Understanding Natural Gas Prices

 

 
  October 23, 2006
 
Consumers are getting a break. But the declining price of natural gas is not a permanent phenomenon and one that is directly tied to supply and demand. Now that such prices are half the cost of a year ago, producers are less inclined to take risks while homeowners will use more of it. And, in time, prices will rise again.

Ken Silverstein
EnergyBiz Insider
Editor-in-Chief

It's not that consumers and industry are fickle. It's just that when energy prices rise, people and enterprises adjust their usage or switch to alternative fuels. If prices go high enough, it spawns interest in new development of existing resources or the innovation of totally different ones. That's the nature of free markets, although government policy is an inextricable component of the process.

The price of natural gas now stands at about $6.50 per million BTUs on the New York Mercantile Exchange compared to last December when it had risen to almost $15 per million BTUs in the wake of Hurricane Katrina and reduced production in the Gulf of Mexico. In the early 2000 time frame, the price was $2-$3 per for the same unit.

"But make no mistake, the natural gas crisis hasn't gone anywhere," says American Chemistry Council CEO Jack Gerard. "Natural gas costs continue their march upward, American jobs are being shed by the millions, and the nation's economy and security remain at risk -- due in large measure to current federal energy policies."

For the time being, however, consumers will pay less. The U.S. Energy Information Administration (EIA) says that households heating primarily with natural gas will pay roughly $826 this winter. That's down 14 percent from last year's record of $945. Comparatively, natural gas consumers spent an average of $465 in the winter of 2001-2002 and $741 in 2004-2005.

Where are prices headed in the future? No one has a crystal ball. High prices mean greater margins for producers and so over the last three years drilling levels have increased and thereby upped supplies. That, in combination with diminished demand, has deflated the present cost of home heating.

Besides the laws of supply and demand, the current price of natural gas is also attributable to the fact that the National Weather Service is predicting a warmer than normal winter. As a result, there's a lot of natural gas sitting in storage right now. At last count a few weeks ago, 3.25 trillion cubic feet was stockpiled. That's 11 percent more than last year.

"This is close to EIA's estimated maximum working gas storage capacity of about 3,600 trillion cubic feet, which should put downward pressure on natural gas prices, at least until cold weather sets in and inventories begin to drop," the EIA said in its monthly Short-Term Energy Outlook.

Economic Laws

Natural gas, of course, became the fuel of choice in 1990 after amendments to the Clean Air Act passed. And for at least a decade, all power plants on the drawing board were to be fueled with the commodity. Demand soared. But, production did not. And prices rose.

In its "Accelerated Depletion: Impacts on Domestic Oil and Natural Gas" study released in 2001, the EIA said that if the original 30 trillion cubic feet demand projection is to reach fruition by 2025, then the price of gas would have to remain less than $3.25 per million BTUs.
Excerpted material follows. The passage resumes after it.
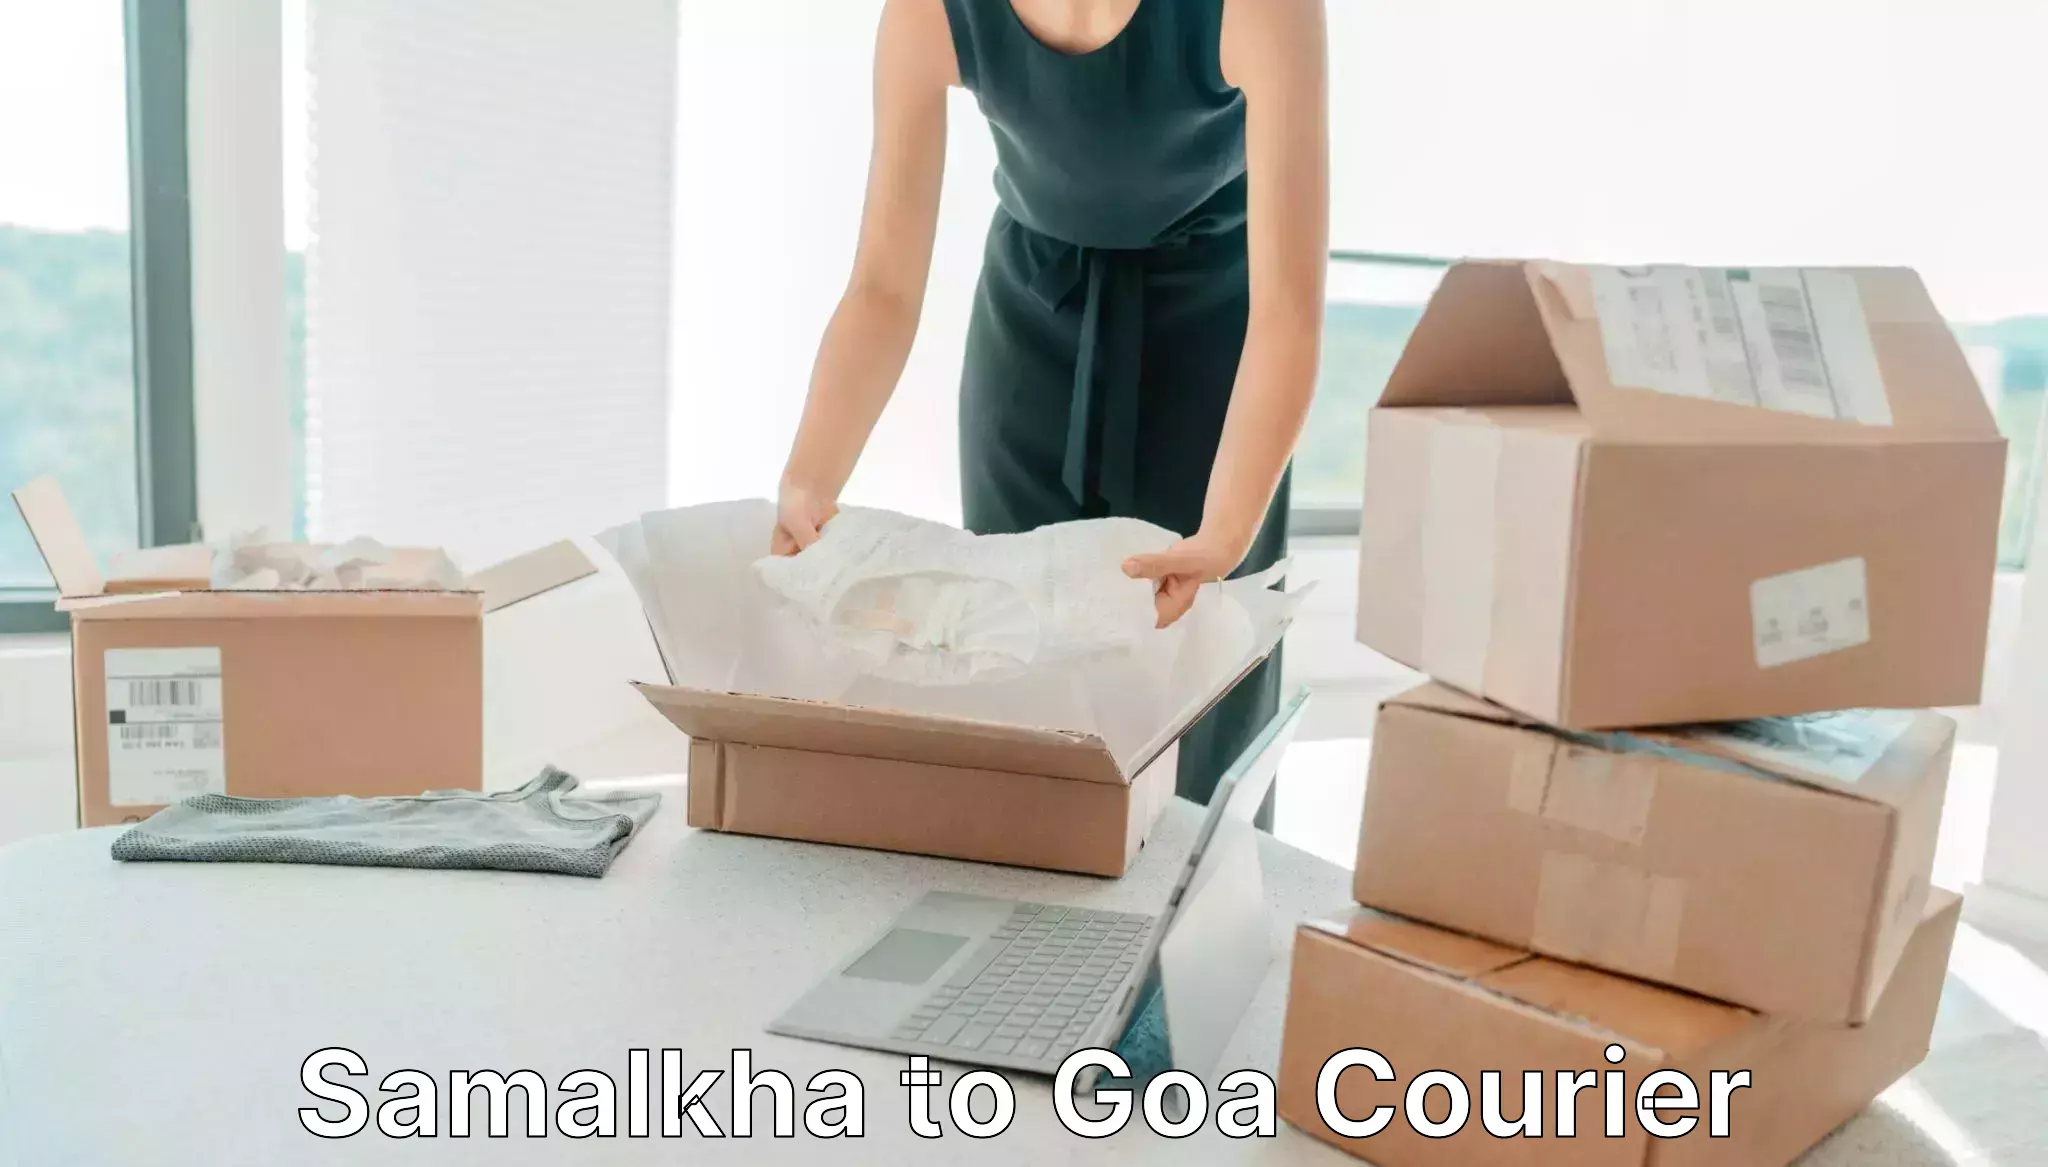 User-friendly delivery service Samalkha to Goa

It also said that producers would need to maintain high levels of drilling and have access to basins off the Florida coast and in the Rocky Mountains -- something that doesn't appear will happen anytime soon.

The economy, in part, has absorbed the price increases in oil and natural gas because it takes less energy now to produce one unit of gross domestic product. Put simply, in the 1970s, the economy was more energy intensive than it is now, but energy was relatively cheap back then. Today, energy costs are higher but new technologies along with tougher environmental regulations have increased efficiencies. Chemical plants, for instance, no longer flare off steam waste. They recycle it to create even more energy.

"Many forecasts, with respect to future natural gas demand, fail to take into account price sensitivity," says Billy Jack Gregg, head of the consumer division for the West Virginia Public Service Commission. "Consumers, industry in particular, will not use a commodity ad infinitum. They will employ the technologies to increase efficiency and decrease consumption. They will switch fuel sources. It will take some time to make the adjustments. If we begin to conserve, prices will fall, again."

And so the discussion turns to how policymakers should set national energy policy. High natural gas prices may hurt industrials and consumers. But, they provide the incentive to find cleaner and more sustainable energy sources -- things that would likely remain on the backburner in a low cost environment. Beyond wind and solar power, there's coal gasification and coal liquefaction -- technologies that essentially scrub all the impurities out of coal and turn it into a cleaner fuel form.

Those are all positive developments, say industrial consumers. But none of the technologies will ease the supply crunch that now exists. The expected increase in energy demand means that all fuel sources are needed, including more natural gas. Industrials are pushing bills now in Congress to increase the level of natural gas production and particularly in the Outer Continental Shelf where about 85 percent of all supplies are off limits. The availability of natural gas would therefore put downward pressure on prices and place them closer to historical levels.

Economic laws, in combination with those set by elected officials, will determine how energy is consumed. Natural gas prices may be half of what they were a year ago. But, they will shoot up once production declines and usage rises. And, collectively, the people will reconfigure how their tax dollars are spent and what their energy priorities are.